[THE INPUT Boundary: Start]

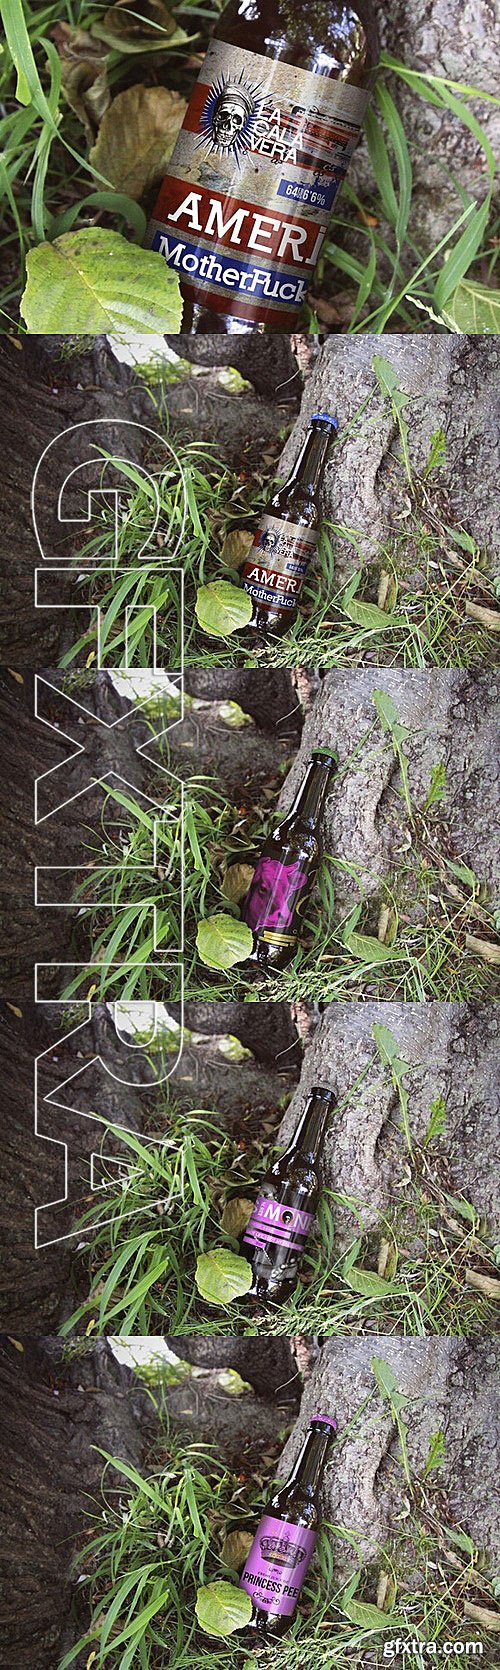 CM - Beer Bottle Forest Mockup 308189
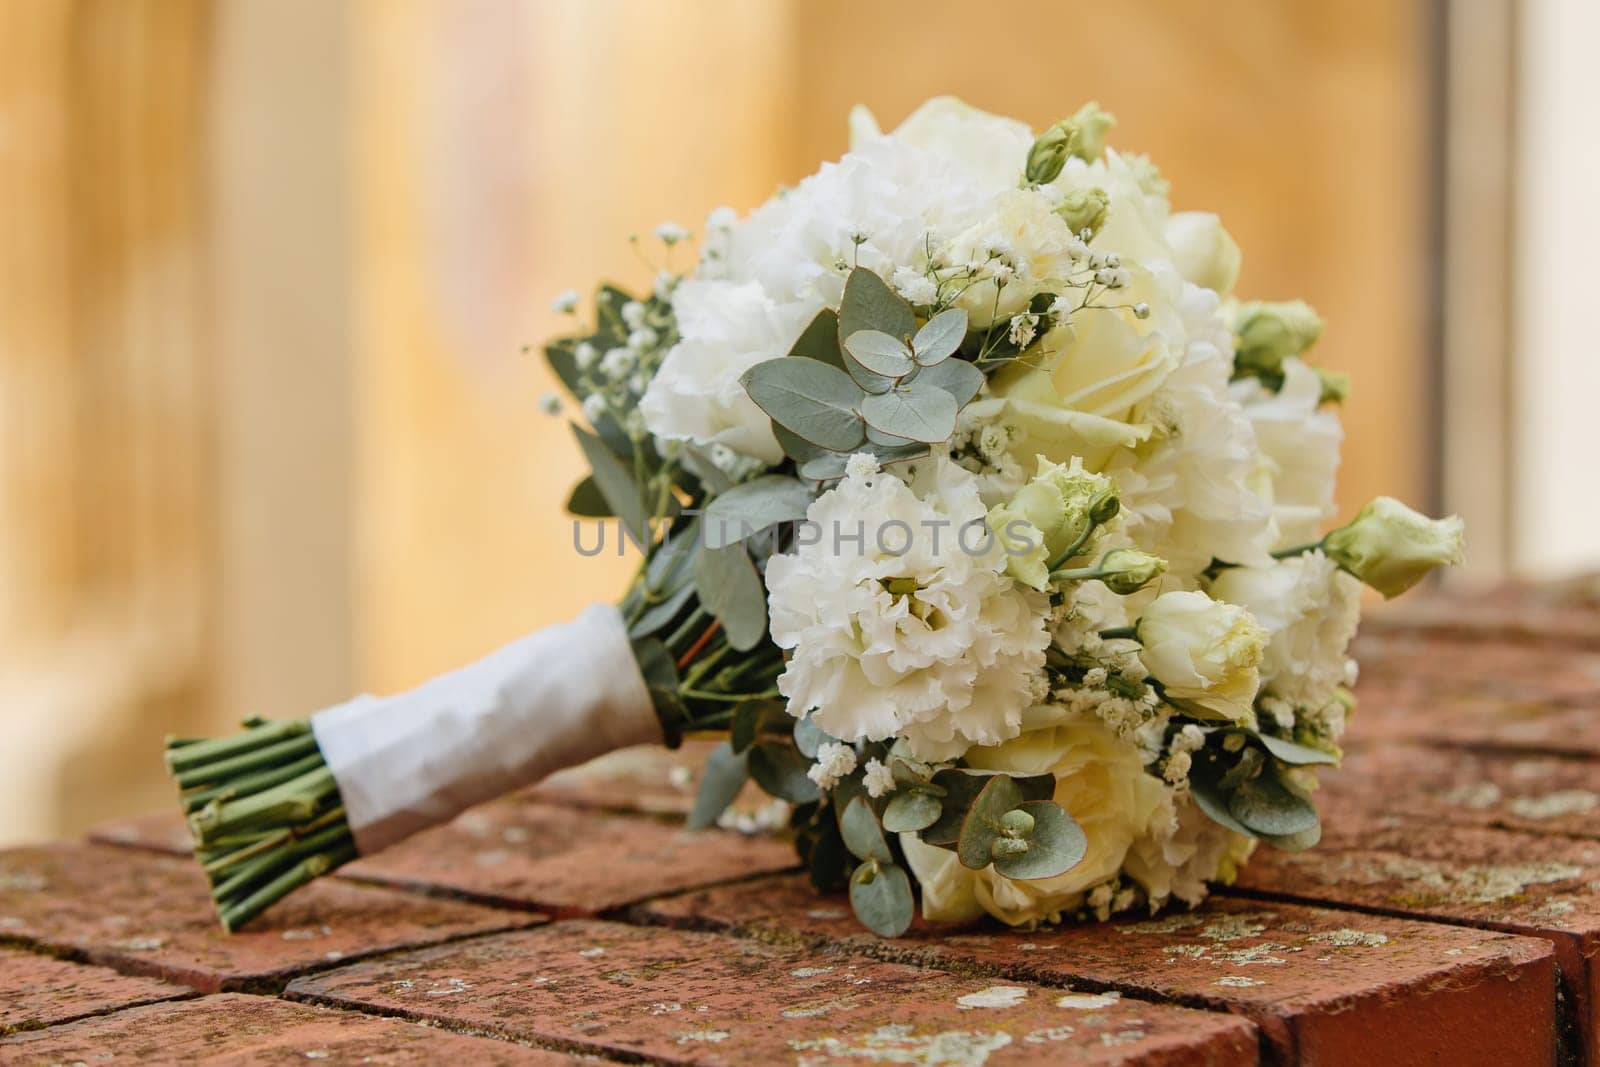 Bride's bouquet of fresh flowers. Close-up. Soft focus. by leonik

[THE INPUT Boundary: End]
[THE INPUT Boundary: Start]

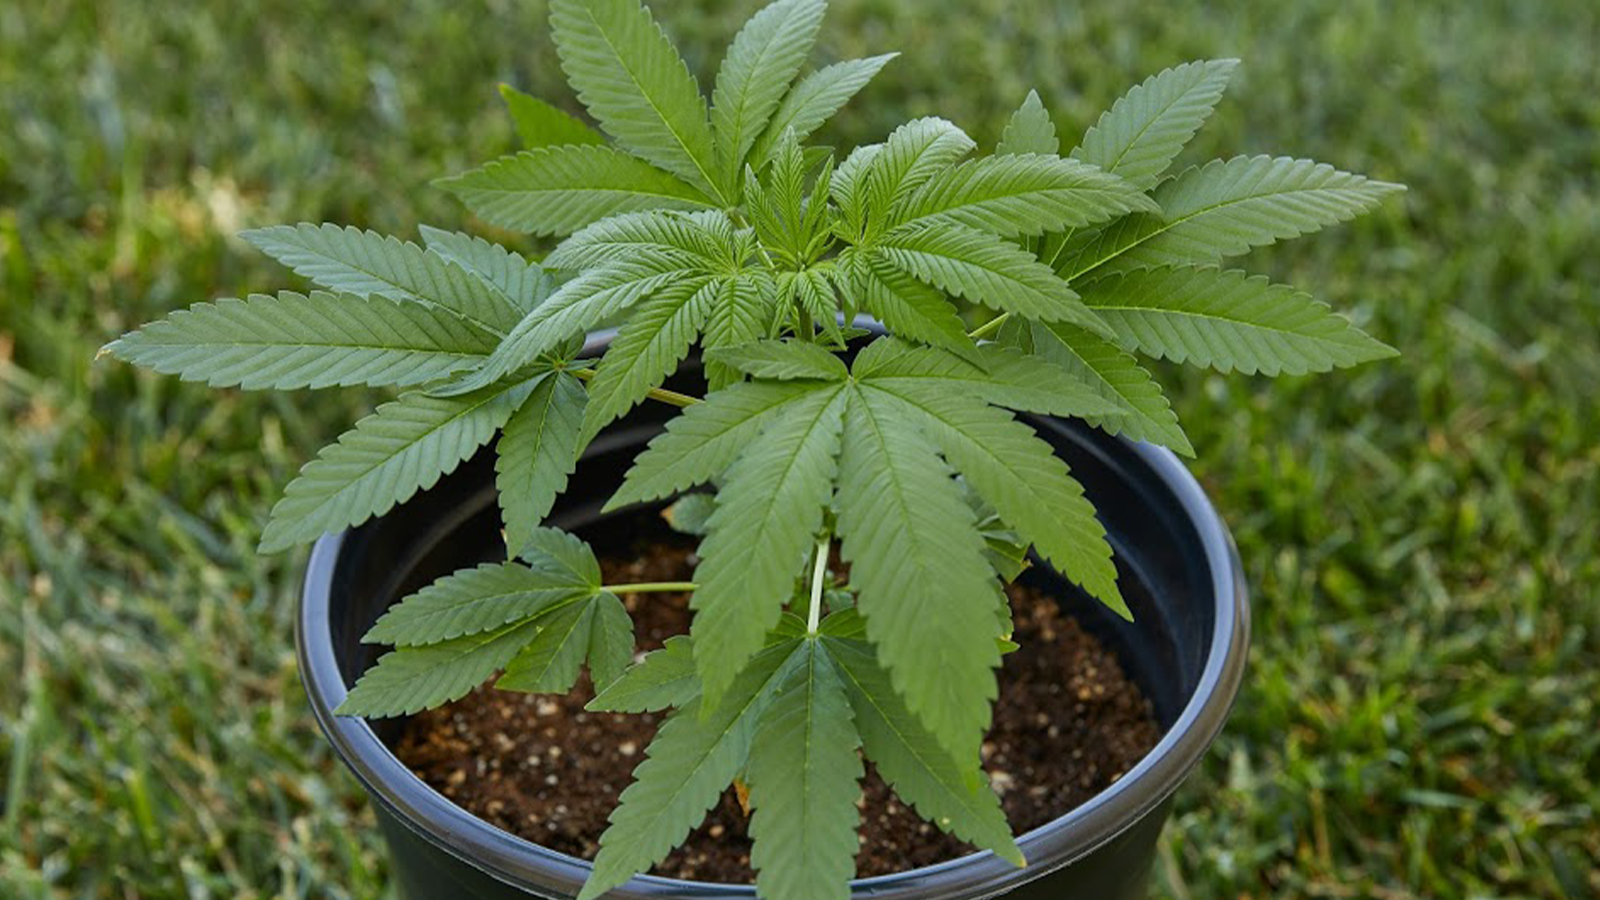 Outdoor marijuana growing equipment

[THE INPUT Boundary: End]

> [WHAT YOU WILL DO] What are the lines in the records above, word for word, from the one containing "CM - Beer Bottle Forest Mockup 308189" through the one containing "Bride's bouquet of", both ends included and pictures left out?

> [RESPONSE BOX]
 CM - Beer Bottle Forest Mockup 308189
 Bride's bouquet of fresh flowers. Close-up. Soft focus. by leonik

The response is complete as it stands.